**What needs to be done**:
Scan the material below for lines with the word "within" and report how many there are, with nothing added.

**Available data**:
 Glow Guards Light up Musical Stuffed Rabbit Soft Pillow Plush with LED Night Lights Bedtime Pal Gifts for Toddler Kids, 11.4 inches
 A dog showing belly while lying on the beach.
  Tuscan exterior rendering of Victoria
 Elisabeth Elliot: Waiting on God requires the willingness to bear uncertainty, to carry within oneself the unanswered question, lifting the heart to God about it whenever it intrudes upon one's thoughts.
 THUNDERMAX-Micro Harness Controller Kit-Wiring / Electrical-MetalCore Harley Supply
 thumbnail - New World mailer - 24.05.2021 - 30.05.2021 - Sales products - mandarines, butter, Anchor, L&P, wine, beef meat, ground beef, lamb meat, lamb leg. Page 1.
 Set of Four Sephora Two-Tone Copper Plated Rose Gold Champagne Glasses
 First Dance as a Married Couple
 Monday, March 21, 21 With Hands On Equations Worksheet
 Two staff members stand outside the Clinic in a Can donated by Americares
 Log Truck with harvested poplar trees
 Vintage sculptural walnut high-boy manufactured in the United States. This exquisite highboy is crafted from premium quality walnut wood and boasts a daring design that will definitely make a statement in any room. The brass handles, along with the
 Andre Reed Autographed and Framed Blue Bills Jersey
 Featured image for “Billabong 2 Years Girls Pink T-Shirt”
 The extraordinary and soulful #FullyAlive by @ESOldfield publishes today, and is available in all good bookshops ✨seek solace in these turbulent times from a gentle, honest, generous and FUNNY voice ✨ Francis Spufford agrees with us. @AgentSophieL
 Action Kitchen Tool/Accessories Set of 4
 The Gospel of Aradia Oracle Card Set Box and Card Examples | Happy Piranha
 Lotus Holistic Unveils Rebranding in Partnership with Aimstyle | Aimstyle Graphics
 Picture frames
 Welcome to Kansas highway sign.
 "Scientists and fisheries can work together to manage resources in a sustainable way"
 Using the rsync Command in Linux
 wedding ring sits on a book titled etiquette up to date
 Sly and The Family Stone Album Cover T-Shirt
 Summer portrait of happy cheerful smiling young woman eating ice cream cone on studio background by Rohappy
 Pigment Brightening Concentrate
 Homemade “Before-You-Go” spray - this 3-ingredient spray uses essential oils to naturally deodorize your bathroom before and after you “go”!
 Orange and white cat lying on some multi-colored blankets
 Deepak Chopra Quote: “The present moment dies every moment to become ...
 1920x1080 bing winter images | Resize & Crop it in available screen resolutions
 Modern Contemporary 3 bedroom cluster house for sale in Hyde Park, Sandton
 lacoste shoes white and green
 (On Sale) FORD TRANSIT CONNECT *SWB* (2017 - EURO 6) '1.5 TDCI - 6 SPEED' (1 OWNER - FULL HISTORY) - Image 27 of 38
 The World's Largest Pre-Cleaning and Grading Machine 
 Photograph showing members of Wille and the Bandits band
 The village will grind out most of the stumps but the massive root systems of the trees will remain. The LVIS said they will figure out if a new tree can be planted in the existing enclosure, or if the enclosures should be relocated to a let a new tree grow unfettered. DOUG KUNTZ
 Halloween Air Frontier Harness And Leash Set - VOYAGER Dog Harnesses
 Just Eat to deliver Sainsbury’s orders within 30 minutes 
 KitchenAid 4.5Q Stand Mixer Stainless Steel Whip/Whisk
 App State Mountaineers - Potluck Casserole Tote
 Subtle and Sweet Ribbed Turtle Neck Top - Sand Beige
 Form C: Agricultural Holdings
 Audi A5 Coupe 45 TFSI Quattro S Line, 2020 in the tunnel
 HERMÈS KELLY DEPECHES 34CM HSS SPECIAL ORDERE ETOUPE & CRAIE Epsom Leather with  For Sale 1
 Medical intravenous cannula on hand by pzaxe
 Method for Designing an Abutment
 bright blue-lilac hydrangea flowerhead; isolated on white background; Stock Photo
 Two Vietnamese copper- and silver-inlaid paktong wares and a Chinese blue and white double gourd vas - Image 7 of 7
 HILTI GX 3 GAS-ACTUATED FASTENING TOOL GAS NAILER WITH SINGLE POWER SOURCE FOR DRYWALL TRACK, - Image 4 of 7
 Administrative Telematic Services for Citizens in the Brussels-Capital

**Result for this task**:
2